Em consulta ao sistema Bulário Eletrônico, no site da Anvisa, sobre hidroxicloroquina, foram verificadas as bulas do medicamento produzido por três fabricantes: Eurofarma, Sanofi Medley e EMS. Não há recomendação de uso contra a covid-19.

Questionado se há testes em andamento para avaliar a eficácia da hidroxicloroquina, o Ministério da Saúde respondeu que “não há solicitação de registro ou indicação em bula da hidroxicloroquina para tratamento de Covid”.

Por que investigamos: Investigamos conteúdos suspeitos que viralizaram nas redes sociais sobre as eleições presidenciais, a pandemia e políticas públicas do governo federal. No caso do material investigado, a publicação confunde leitores sobre o uso de um medicamento que não tem comprovação científica de qualquer eficácia no tratamento da covid-19, seja na pré ou pós-exposição à doença. Dessa forma, o conteúdo coloca a saúde da população em risco.

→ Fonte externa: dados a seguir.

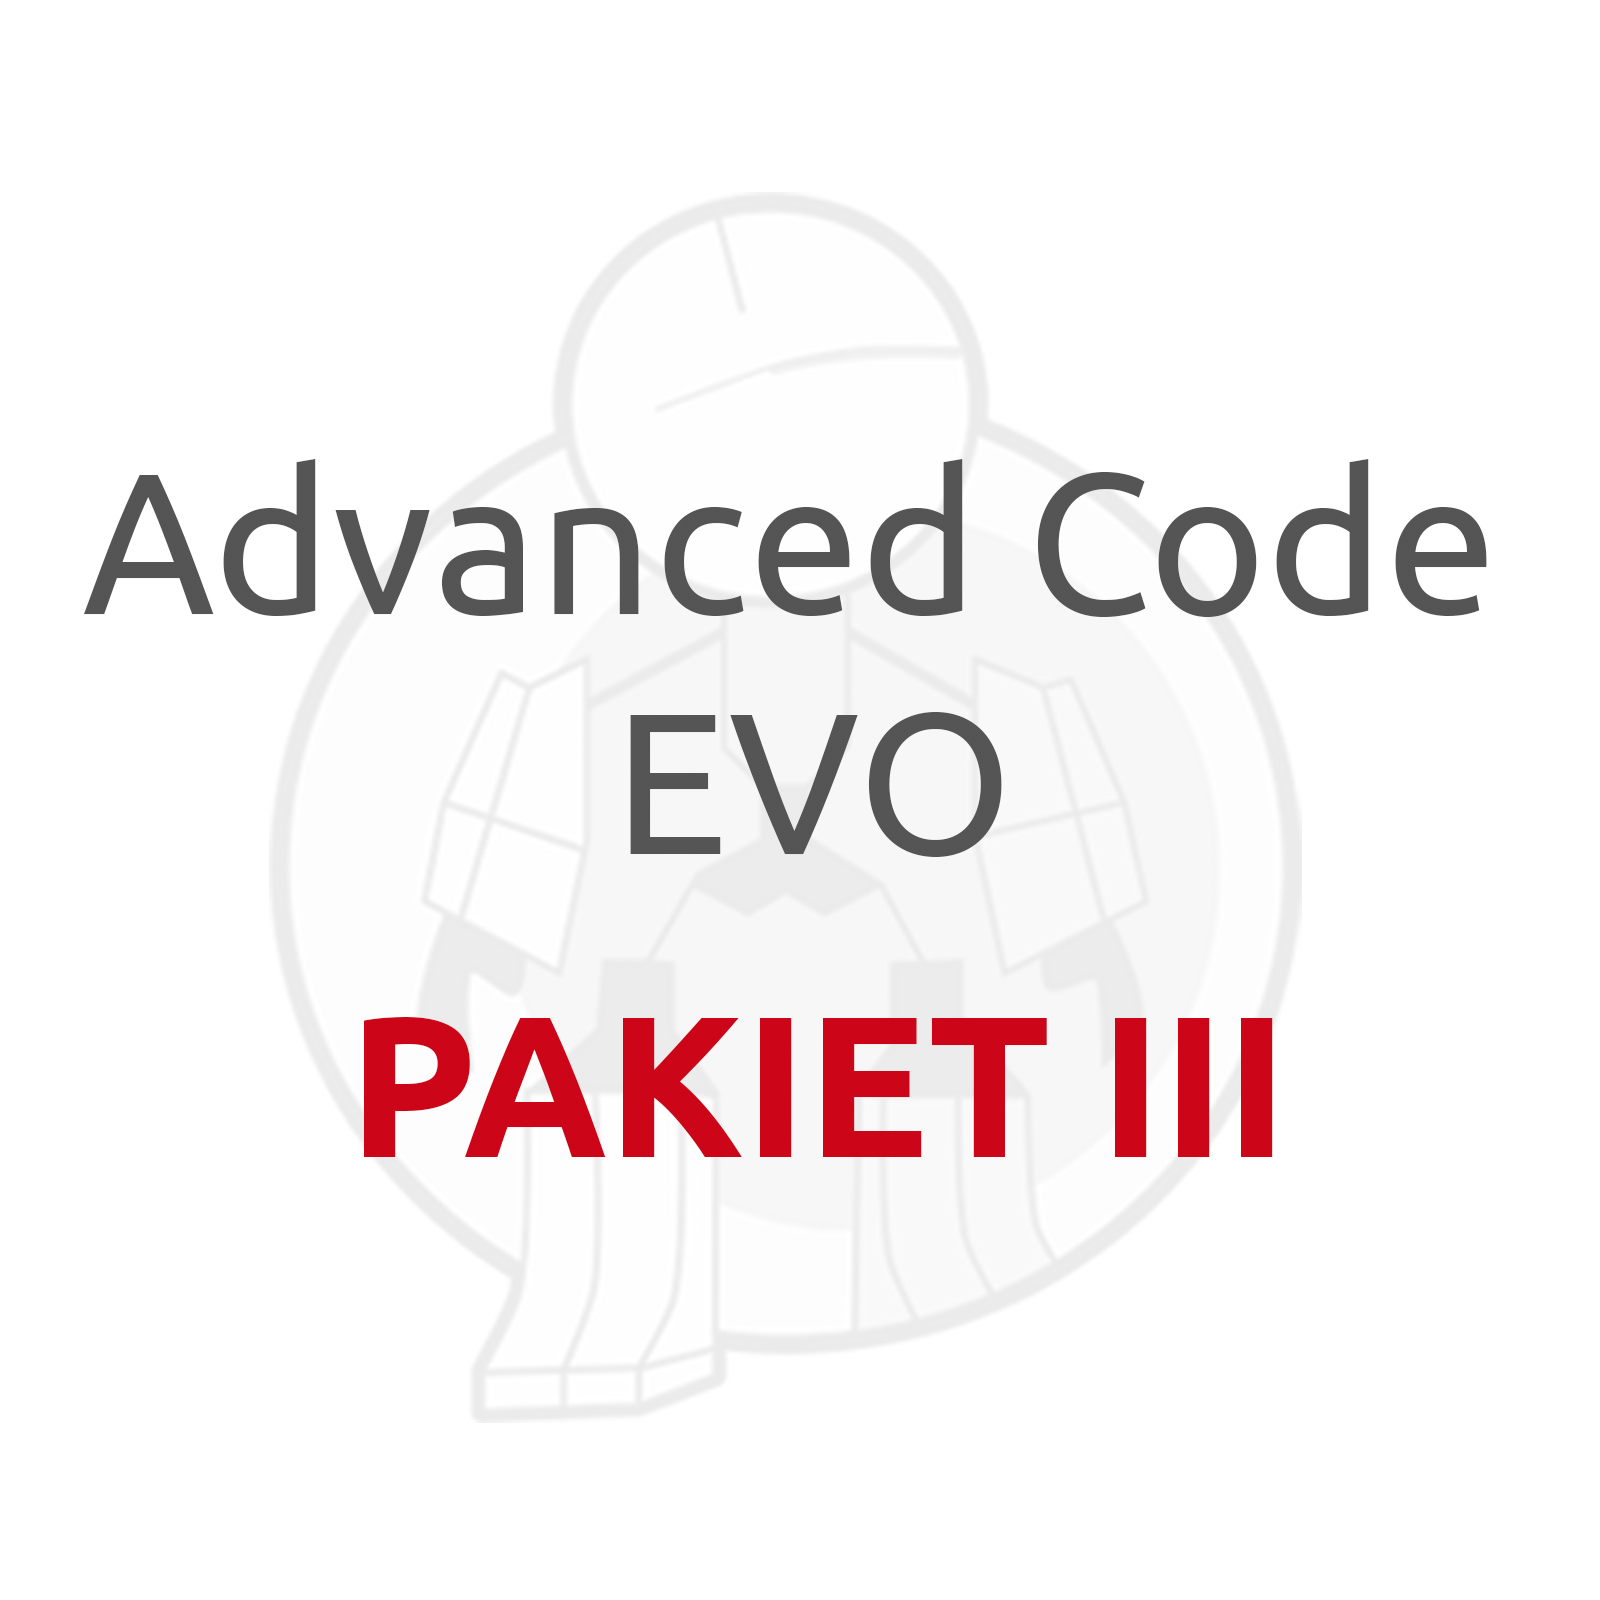 advanced code evo pakiet 3

Outras checagens sobre o tema: A Agência Reuters publicou uma checagem que concluiu como falsa a afirmação do site Médicos Pela Vida – Covid 19. A Agência Lupa também classificou o texto como falso.

A hidroxicloroquina foi alvo de outras verificações do Comprova, como a que enganava ao afirmar que estudo com o medicamento comprova eficácia no “tratamento precoce” e a de vídeo de médico, também enganoso, dizendo que a hidroxicloroquina funciona contra a covid-19.